Records to process section start

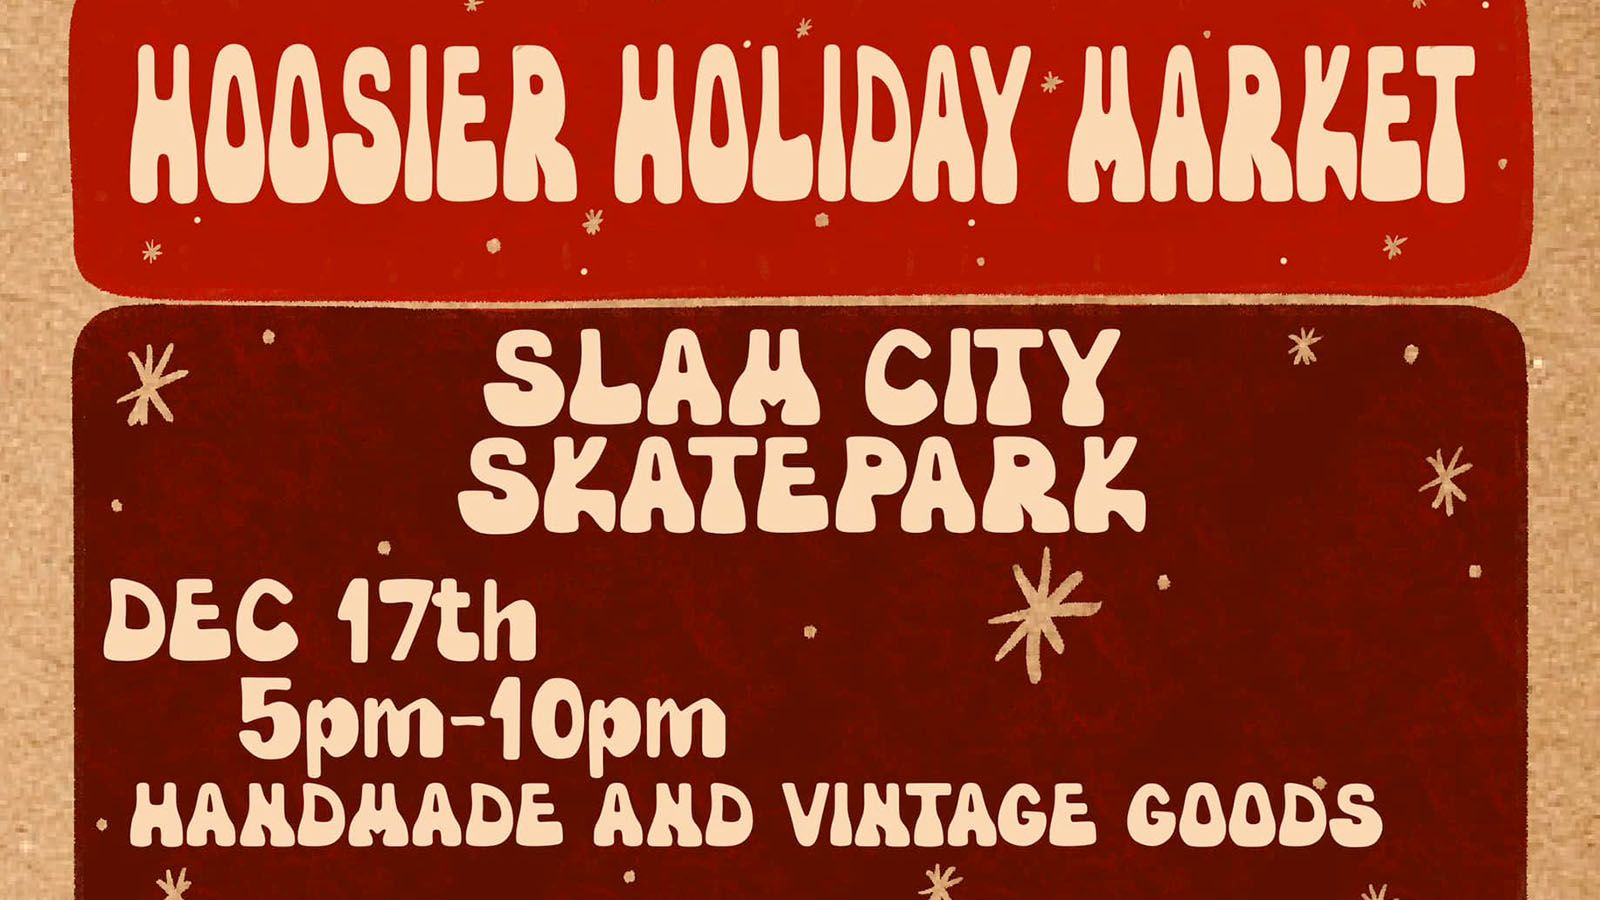 The Hoosier Holiday Market will be Sunday, Dec. 17, at Slam City Skatepark.
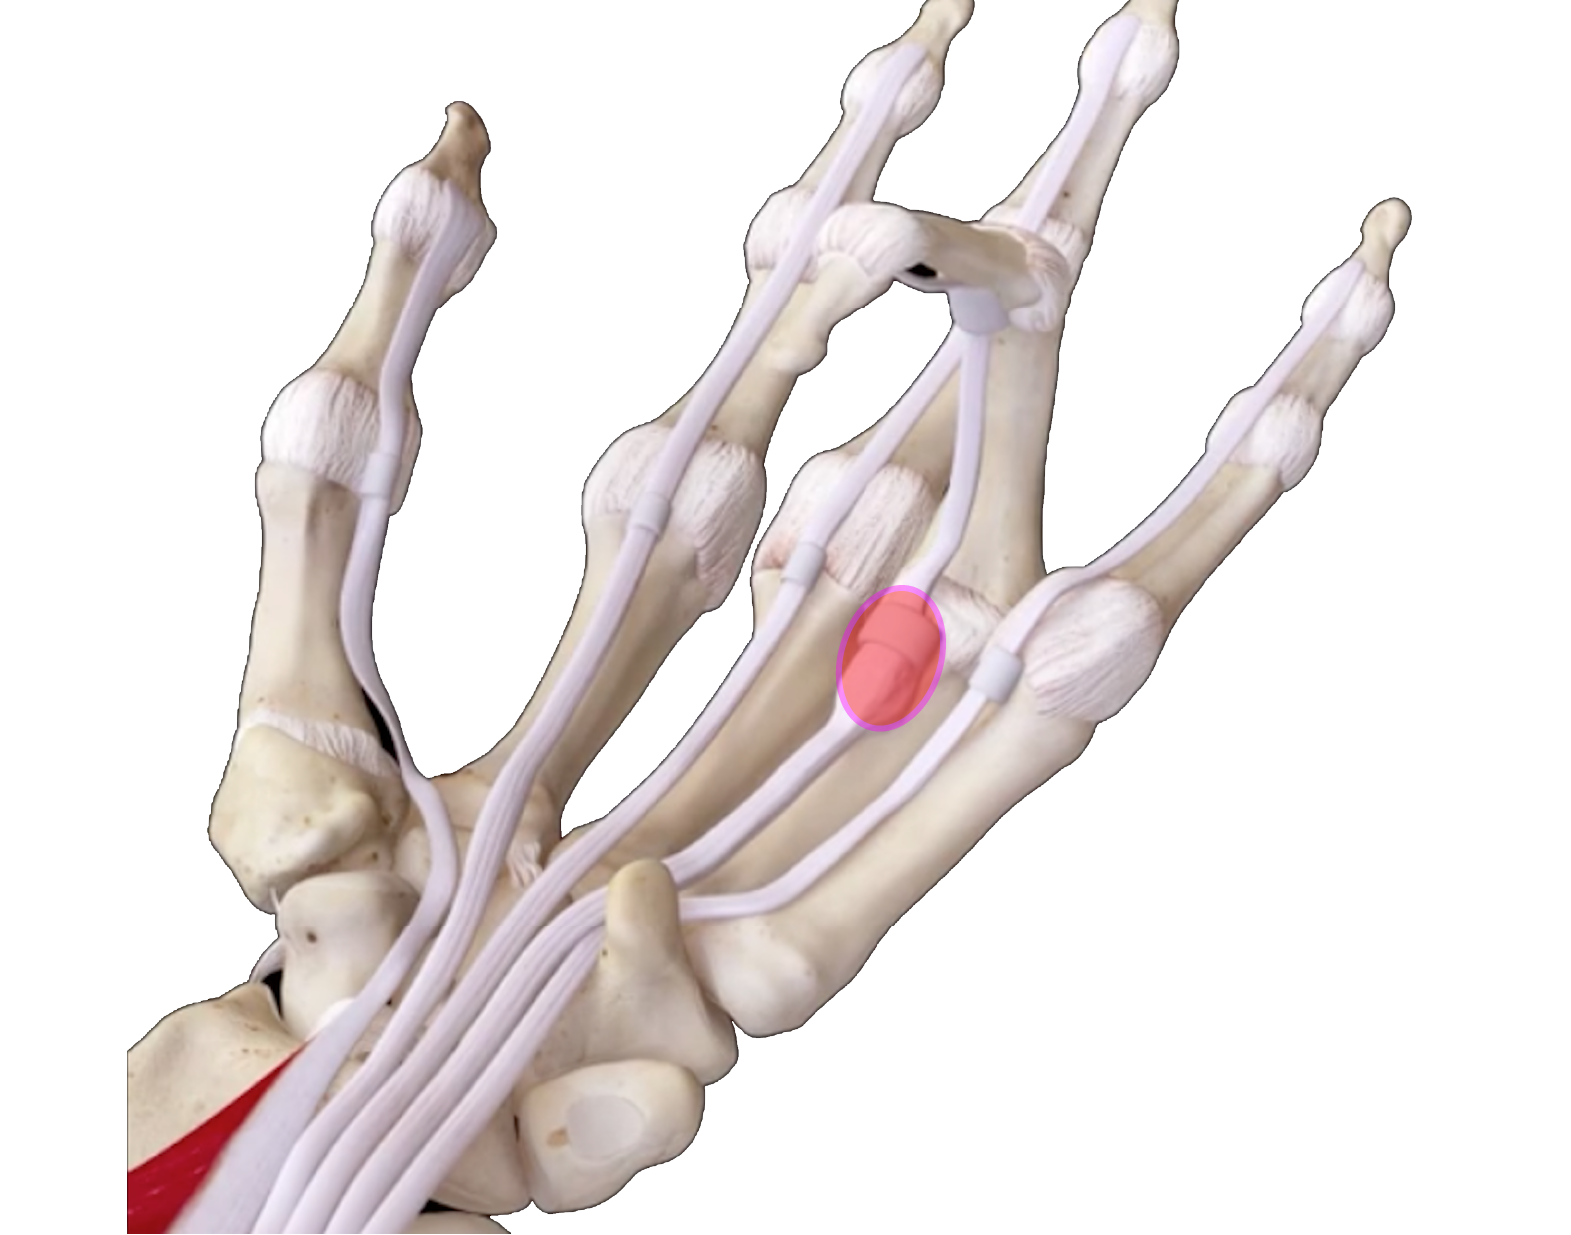 Trigger Finger anatomy
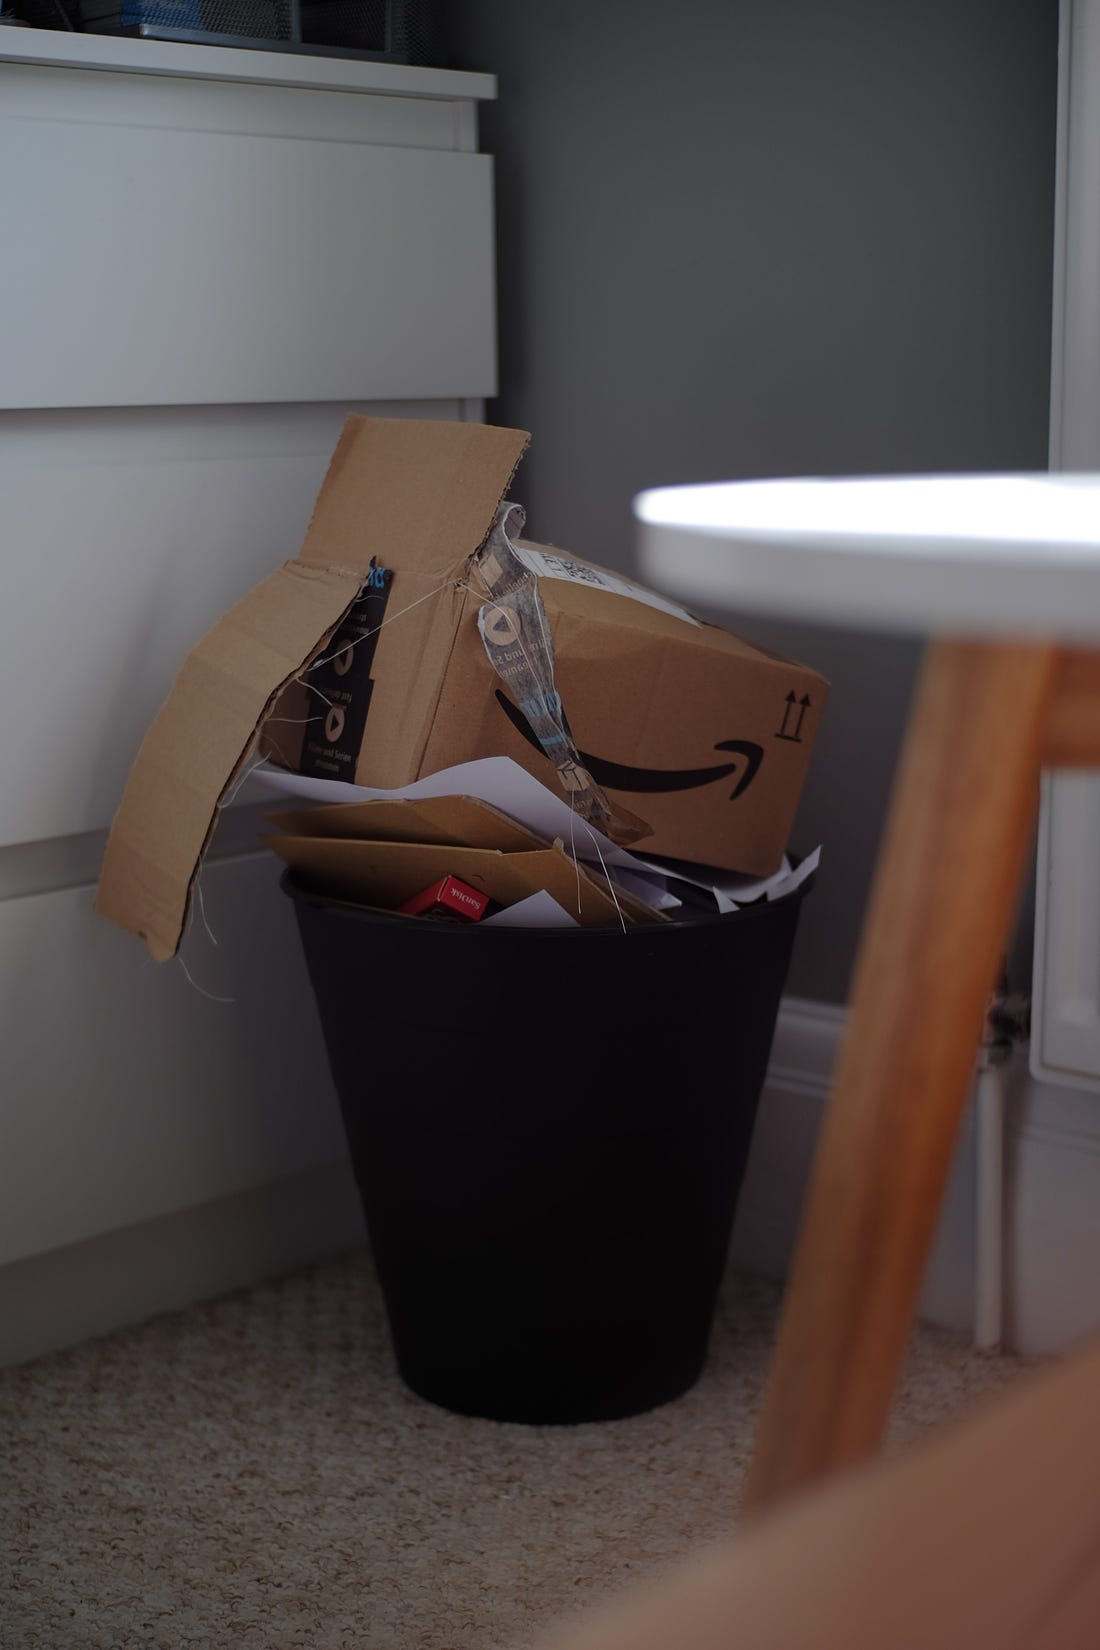 Photo of an Amazon box in the trash. (Sean Robbins / Unsplash)
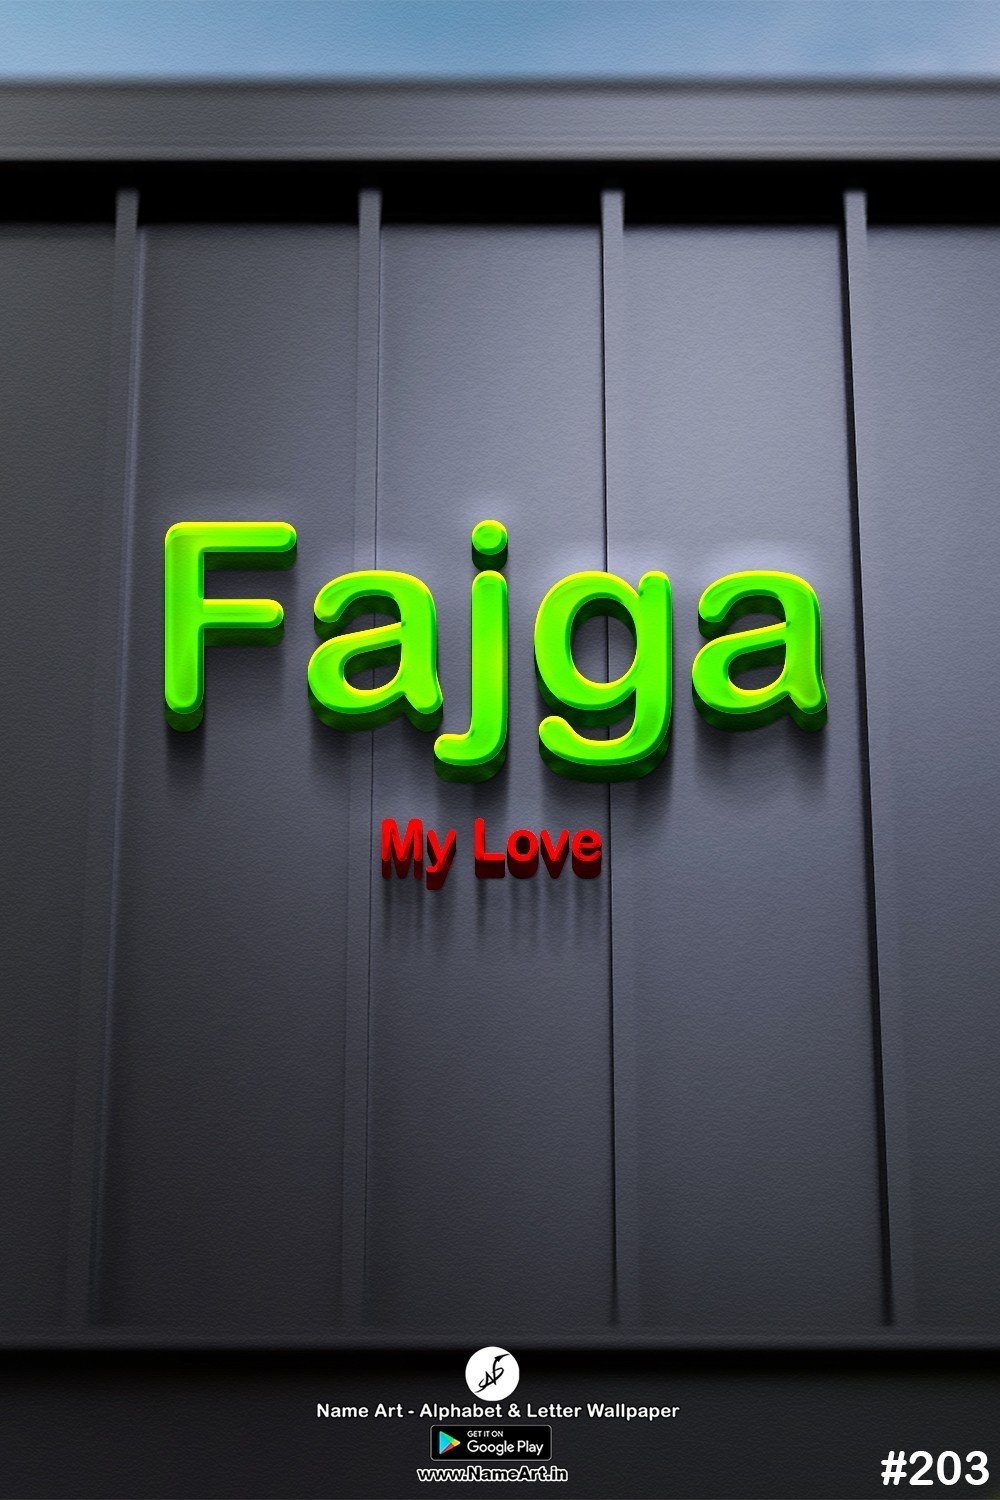 Fajga | Whatsapp Status Fajga | Happy Birthday Fajga !! | New Whatsapp Status Fajga Images |
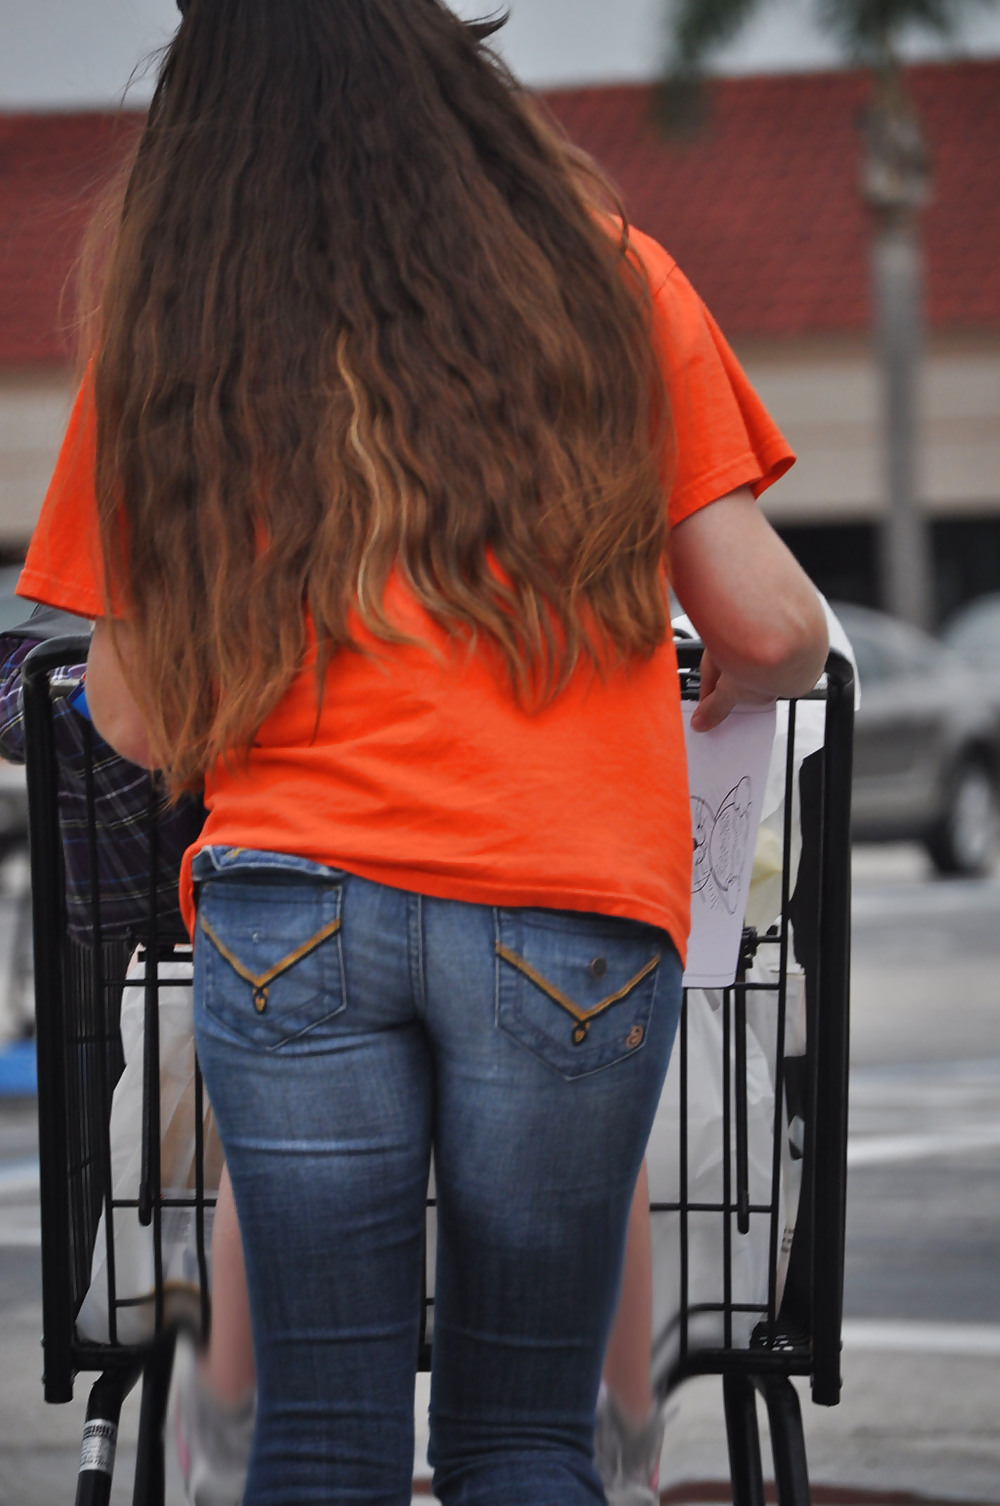 Tight jeans in public #4268127

Records to process section end

Aim of the exercise:
What is needed is a word-for-word copy of the data above, free of any images.

Expected output:
 The Hoosier Holiday Market will be Sunday, Dec. 17, at Slam City Skatepark.
 Trigger Finger anatomy
 Photo of an Amazon box in the trash. (Sean Robbins / Unsplash)
 Fajga | Whatsapp Status Fajga | Happy Birthday Fajga !! | New Whatsapp Status Fajga Images |
 Tight jeans in public #4268127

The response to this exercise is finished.